Recorded information:
══════

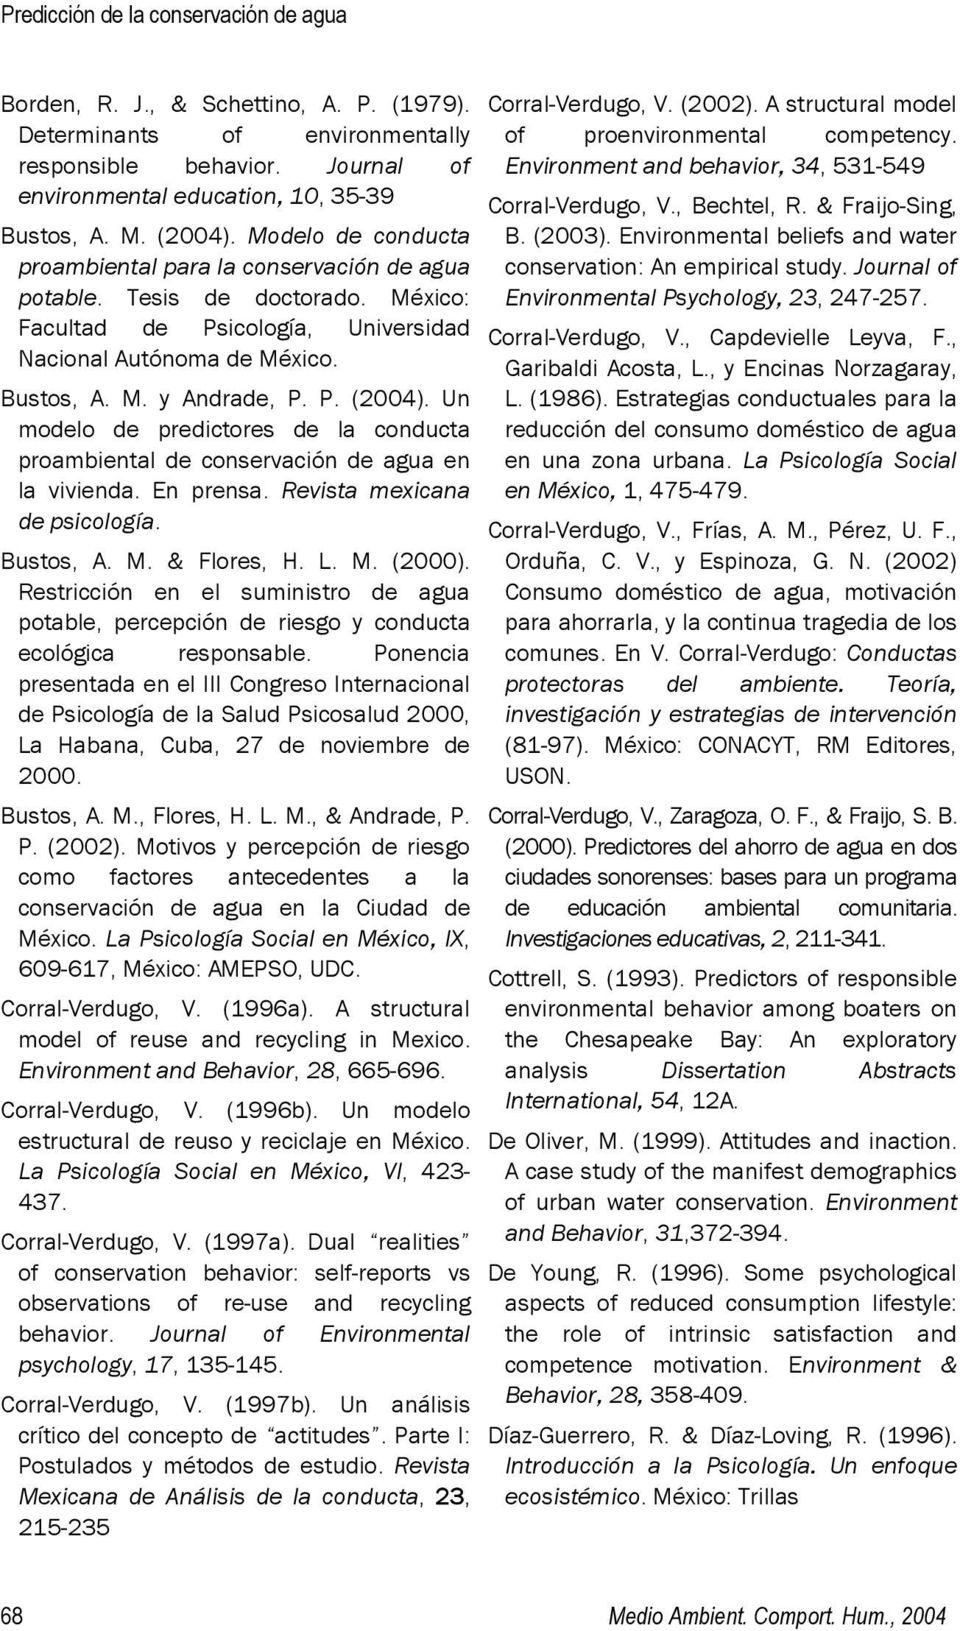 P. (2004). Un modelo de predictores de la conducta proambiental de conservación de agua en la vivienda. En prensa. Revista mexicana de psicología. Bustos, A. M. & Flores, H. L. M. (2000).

══════

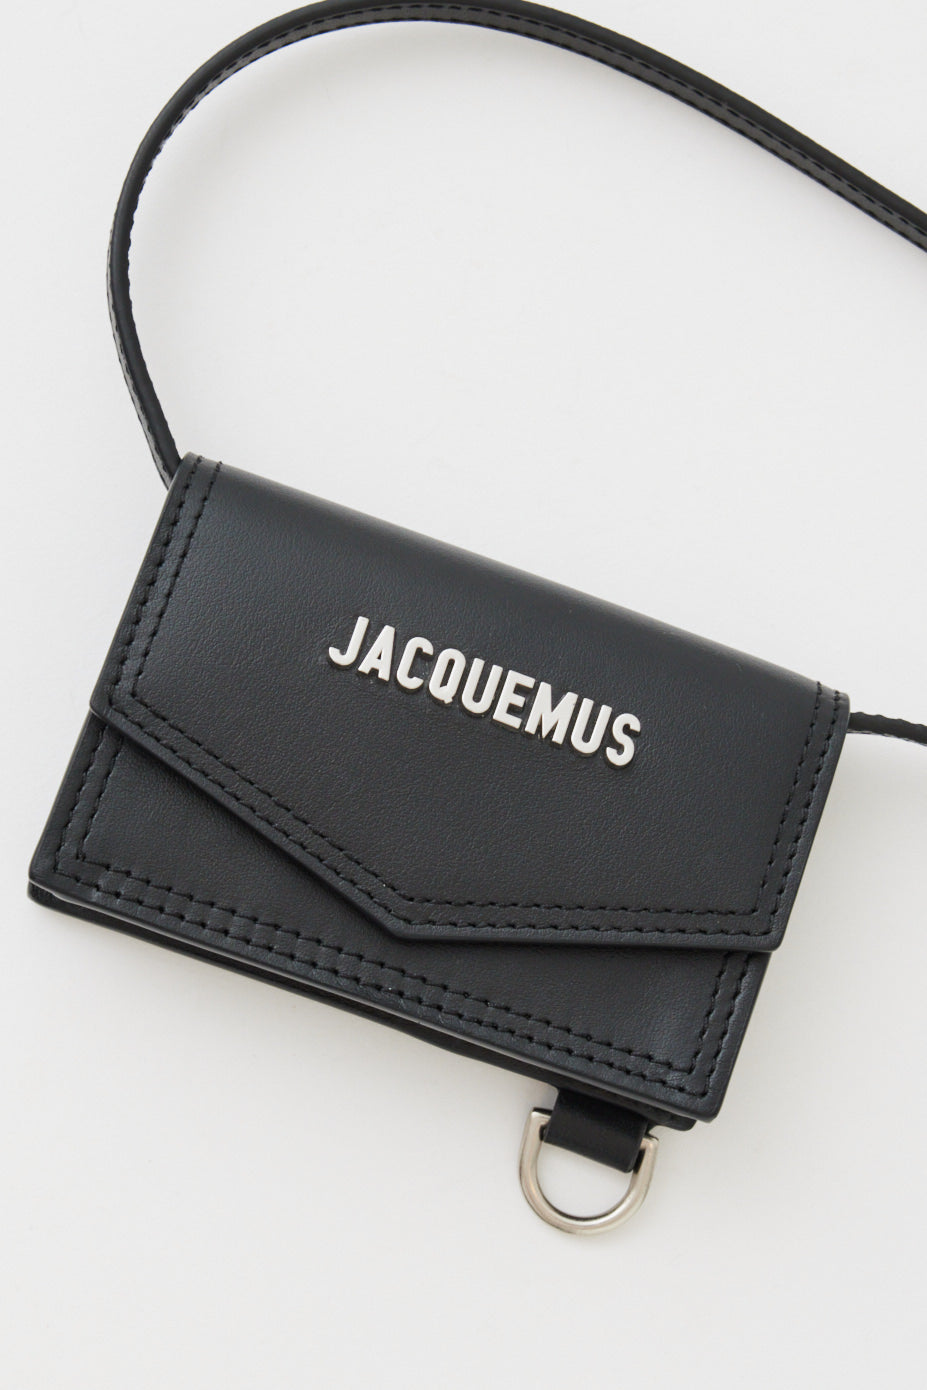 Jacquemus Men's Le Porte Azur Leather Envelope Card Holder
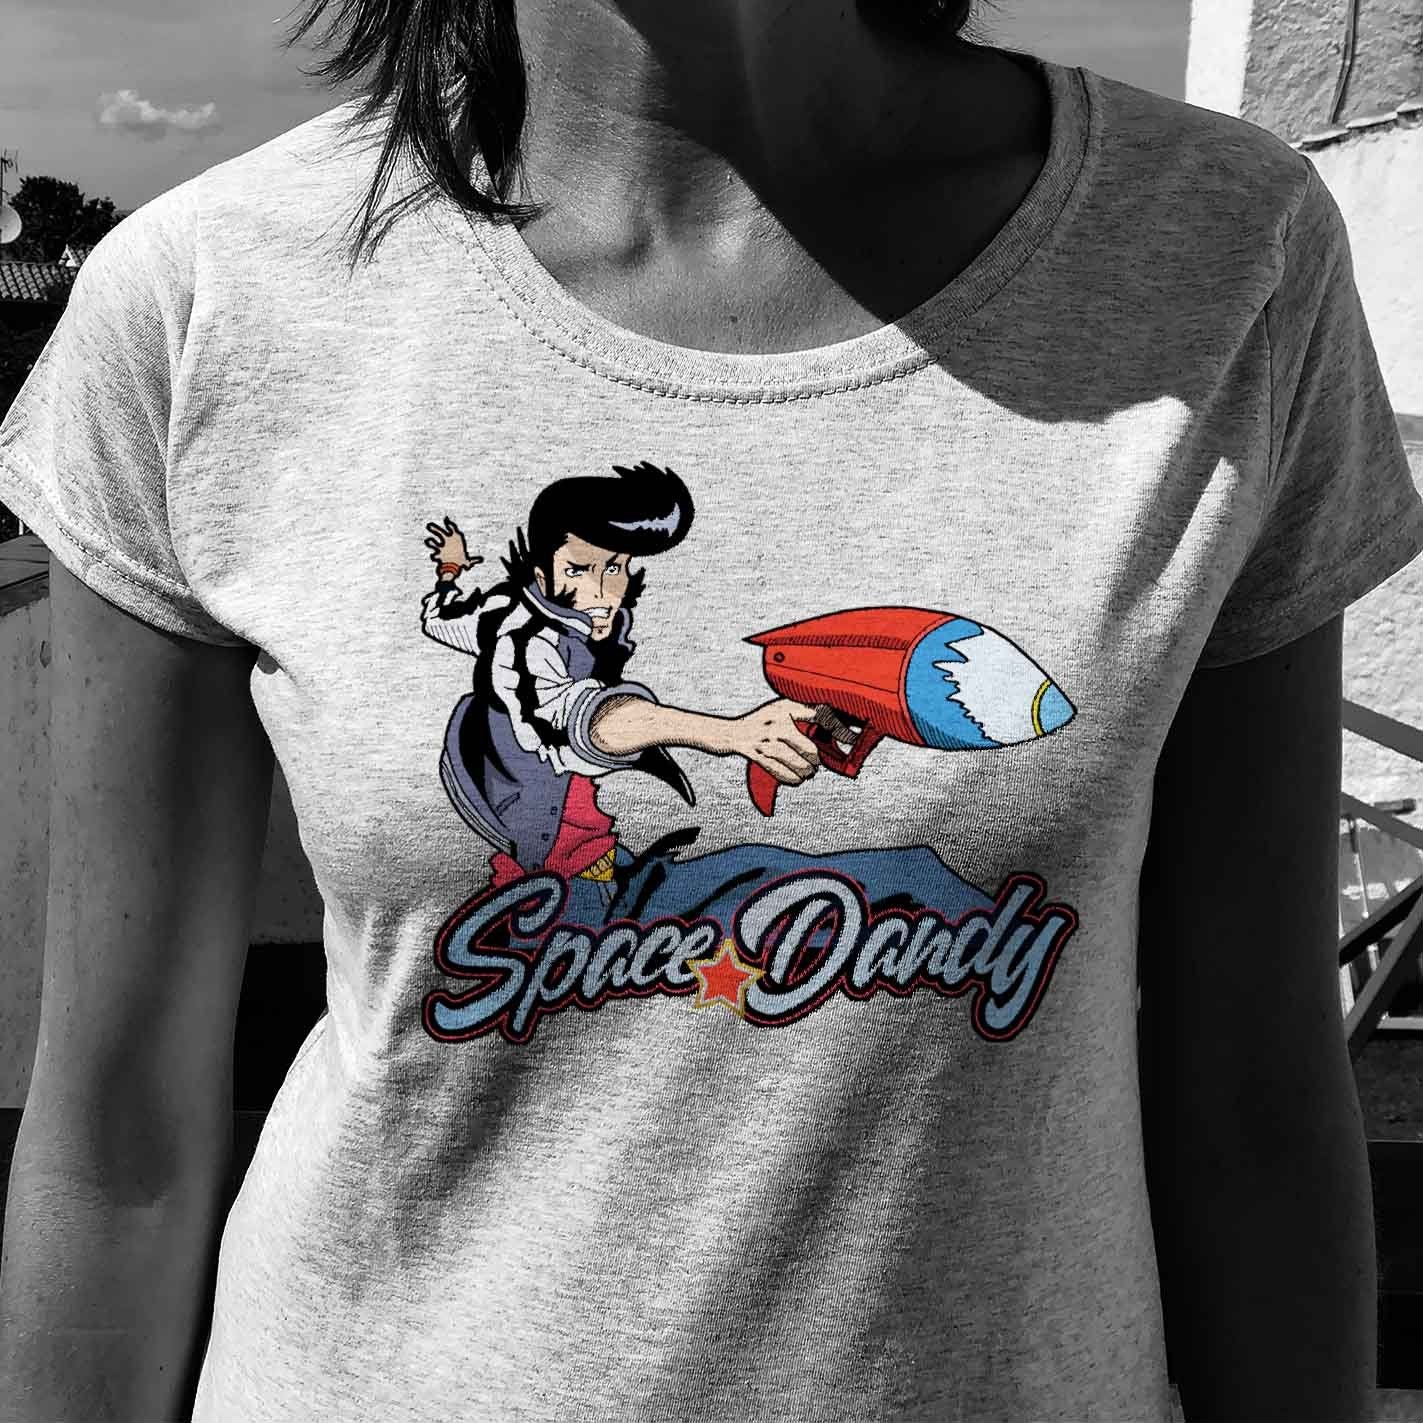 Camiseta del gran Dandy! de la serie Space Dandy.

══════

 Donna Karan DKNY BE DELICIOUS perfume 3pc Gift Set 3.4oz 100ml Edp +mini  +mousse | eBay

══════

Nothing outside the stretch above, from the line with "Jacquemus Men's Le" through the line with "Camiseta del gran", is set down. Transcribe that stretch exactly, ends included, but not its pictures.

Answer area:
 Jacquemus Men's Le Porte Azur Leather Envelope Card Holder
 Camiseta del gran Dandy! de la serie Space Dandy.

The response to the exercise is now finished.